Что же я наделала...
Что же я такое надела...
– Можем мы пройти куда-то присесть, я должен задать вам несколько вопросов для протокола?
– Пожалуйста, сюда, – судья Дынник с явным облегчением, забыв все инструкции, засуетилась, повернулась спиной к гостю, указывая путь в комнату.
– Вы дома одна?
Катя показалась в проеме двери и...
Что было сначала, что потом, что первым, что вторым, что третьим? Что самым главным, самым основным, окончательным вариантом?

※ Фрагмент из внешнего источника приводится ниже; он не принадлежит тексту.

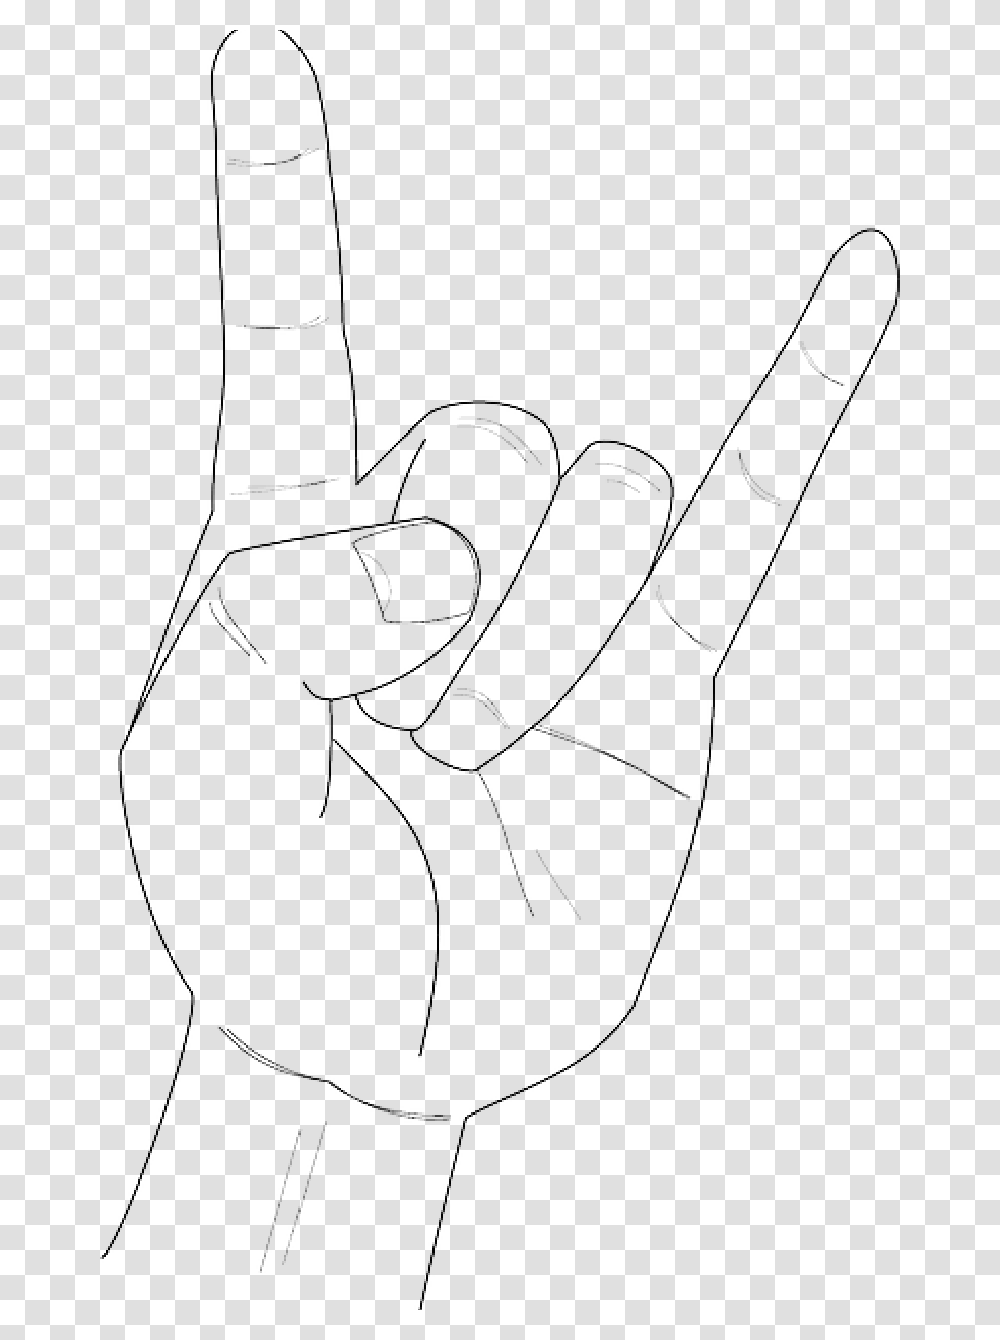 Heavy Metal Horns Music Rock Gesture Hand Public Domain Line Art, Finger, Drawing, Holding Hands, Fist Transparent Png

Его голос, изменившийся... слегка, чуть-чуть... изменившийся, споткнувшийся на этом коротеньком вопросе...
Его лицо...
То, что судья повернулась к нему в это мгновение спиной...
То, что Катя возникла перед ним на пороге комнаты и увидела в его правой руке не папку с бланками допросов...
Не папку...
Не нож...
А что-то небольшое, с узким аккуратным хищным лезвием...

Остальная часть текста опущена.